(Data extracted from a collection)
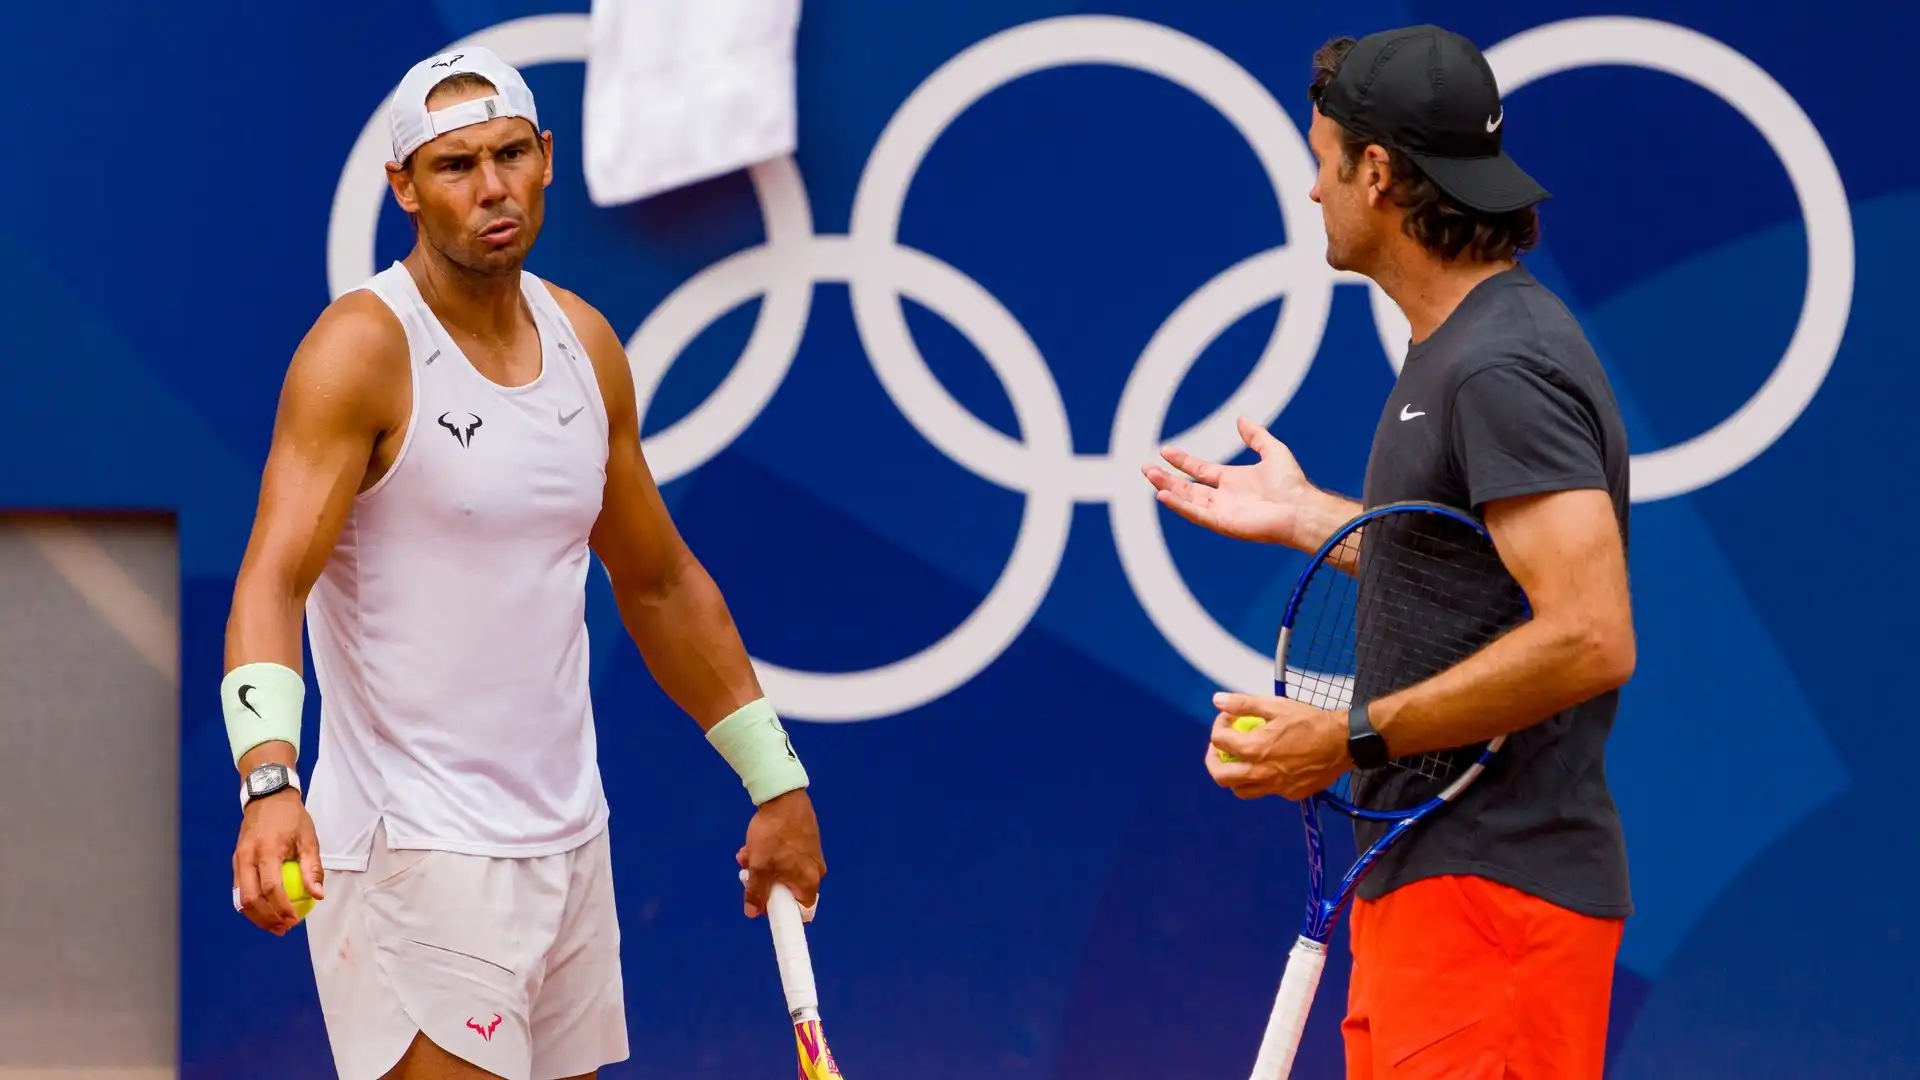 Olimpiadi Parigi 2024, Carlos Moya spaventa tutti su Rafael Nadal
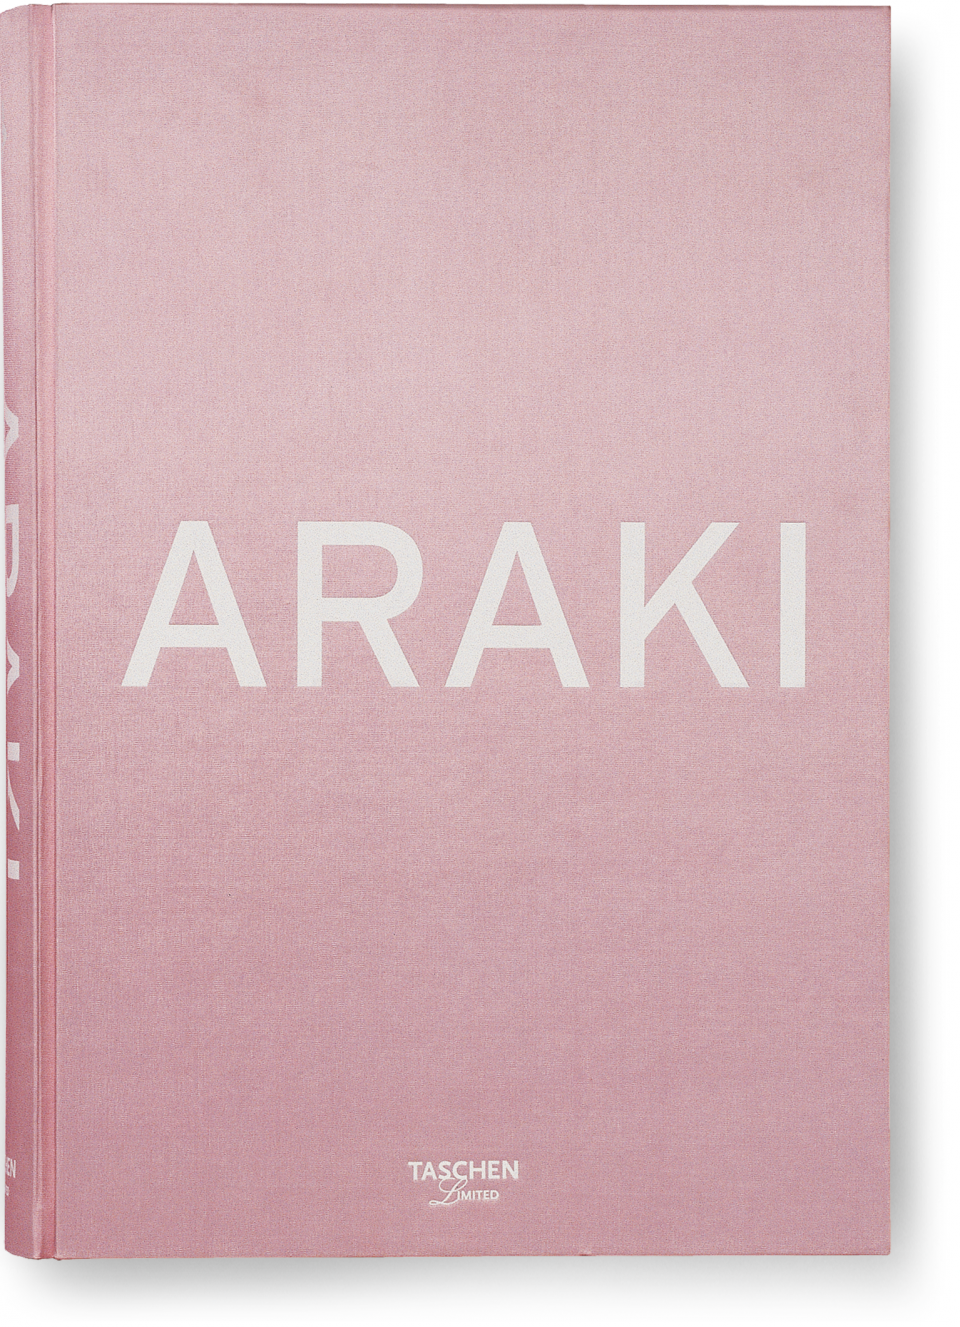 araki_su_int_cover_02603_1503121737_id_906862
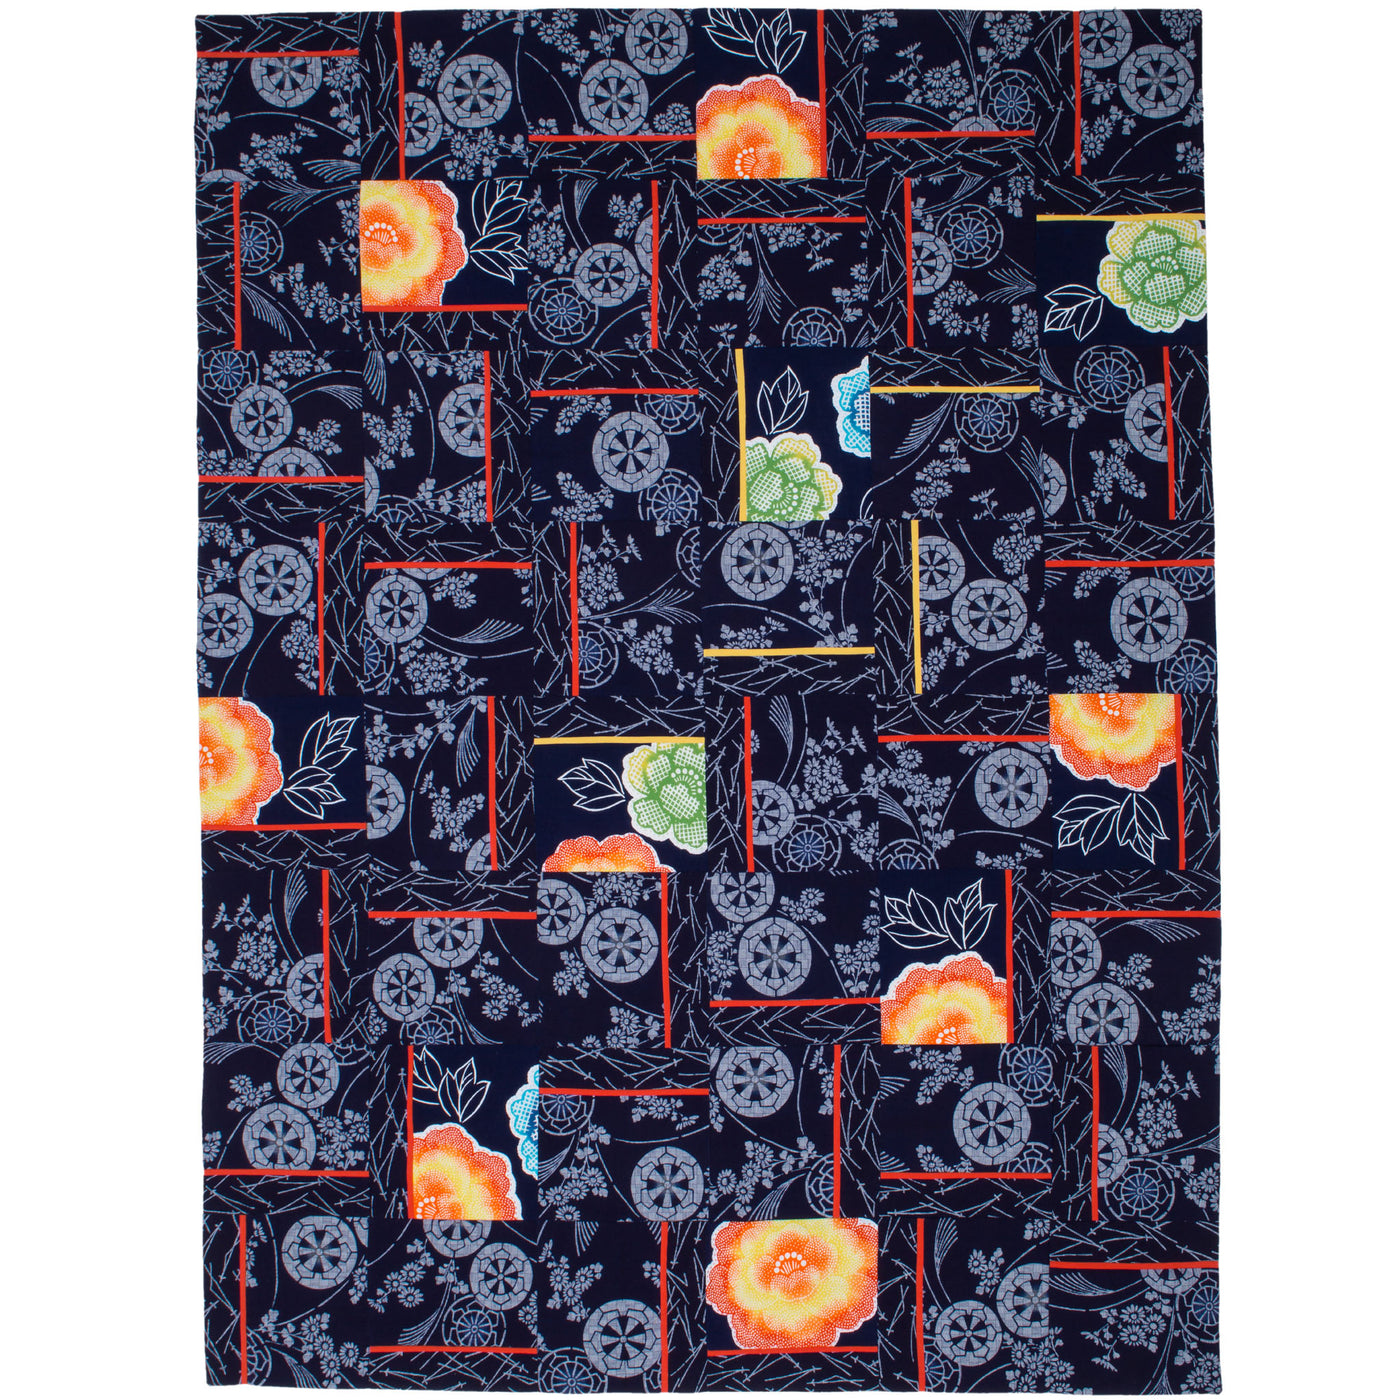 Hidden Wonders, a quilt by Patricia Belyea
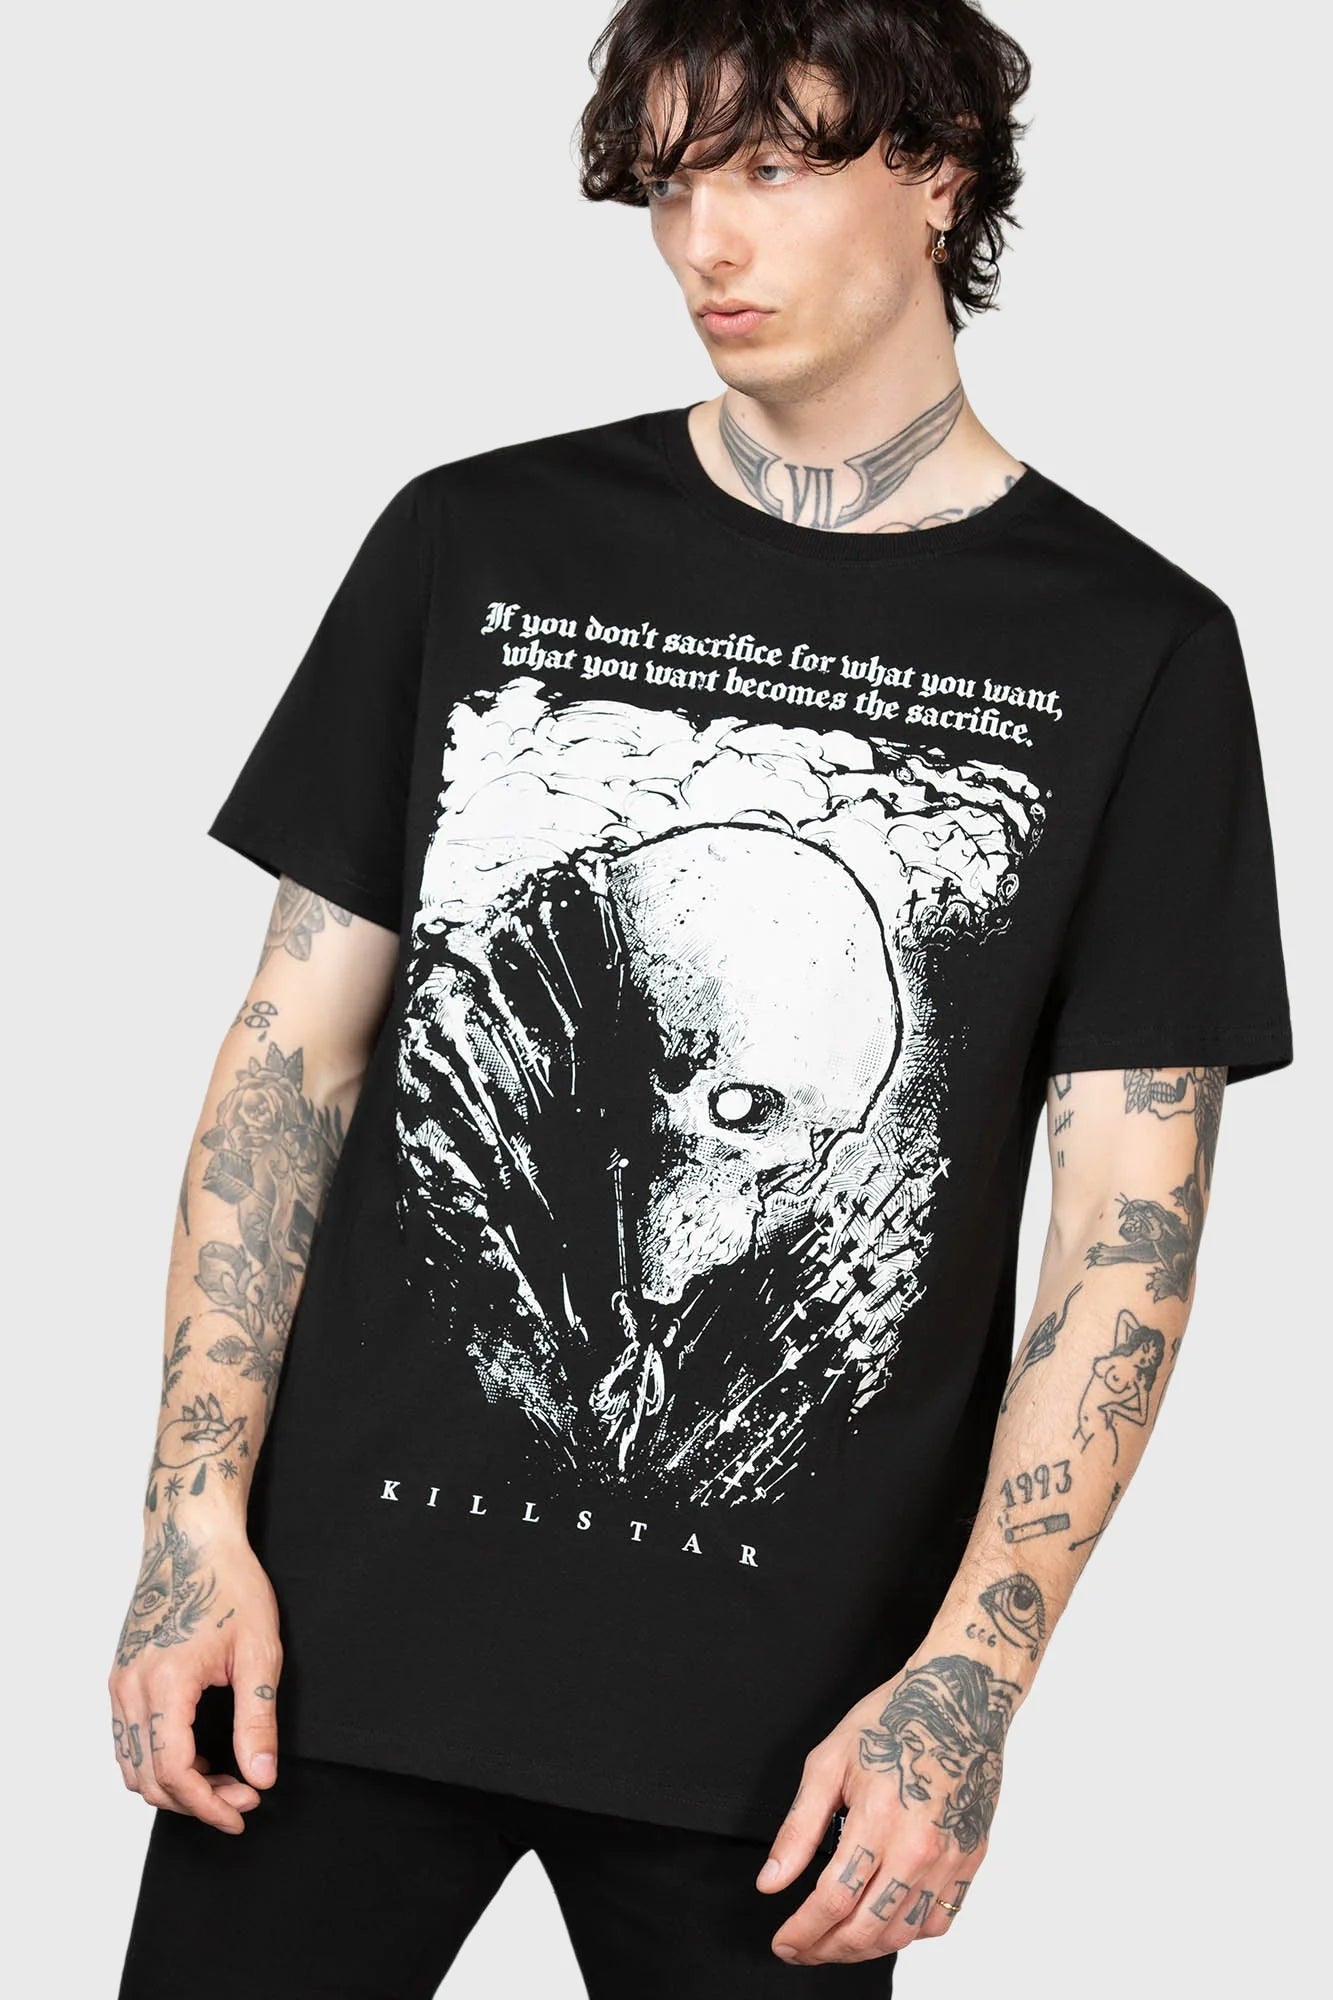 Schwarzes Killstar Shirt mit Totenkopf Print
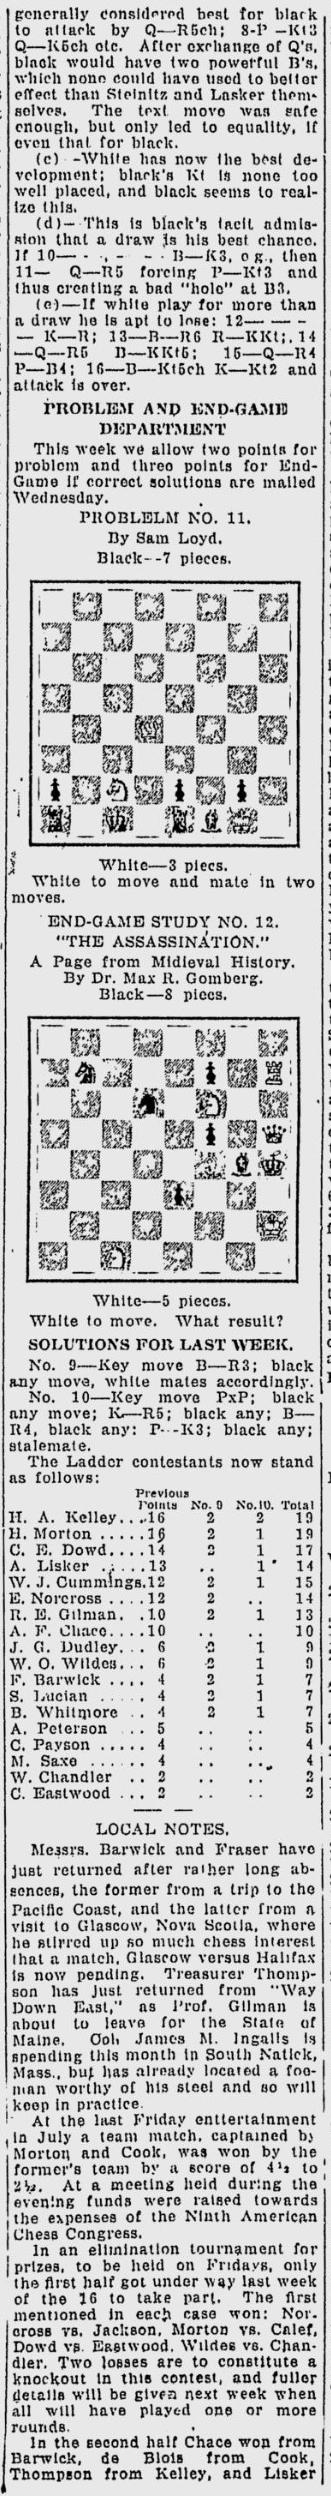 1923.08.04-03 Providence News.jpg

*What you should do:* Please copy the data above exactly, omitting the pictures.

*Output below:*
 Olimpiadi Parigi 2024, Carlos Moya spaventa tutti su Rafael Nadal
 araki_su_int_cover_02603_1503121737_id_906862
 Hidden Wonders, a quilt by Patricia Belyea
 Schwarzes Killstar Shirt mit Totenkopf Print
 1923.08.04-03 Providence News.jpg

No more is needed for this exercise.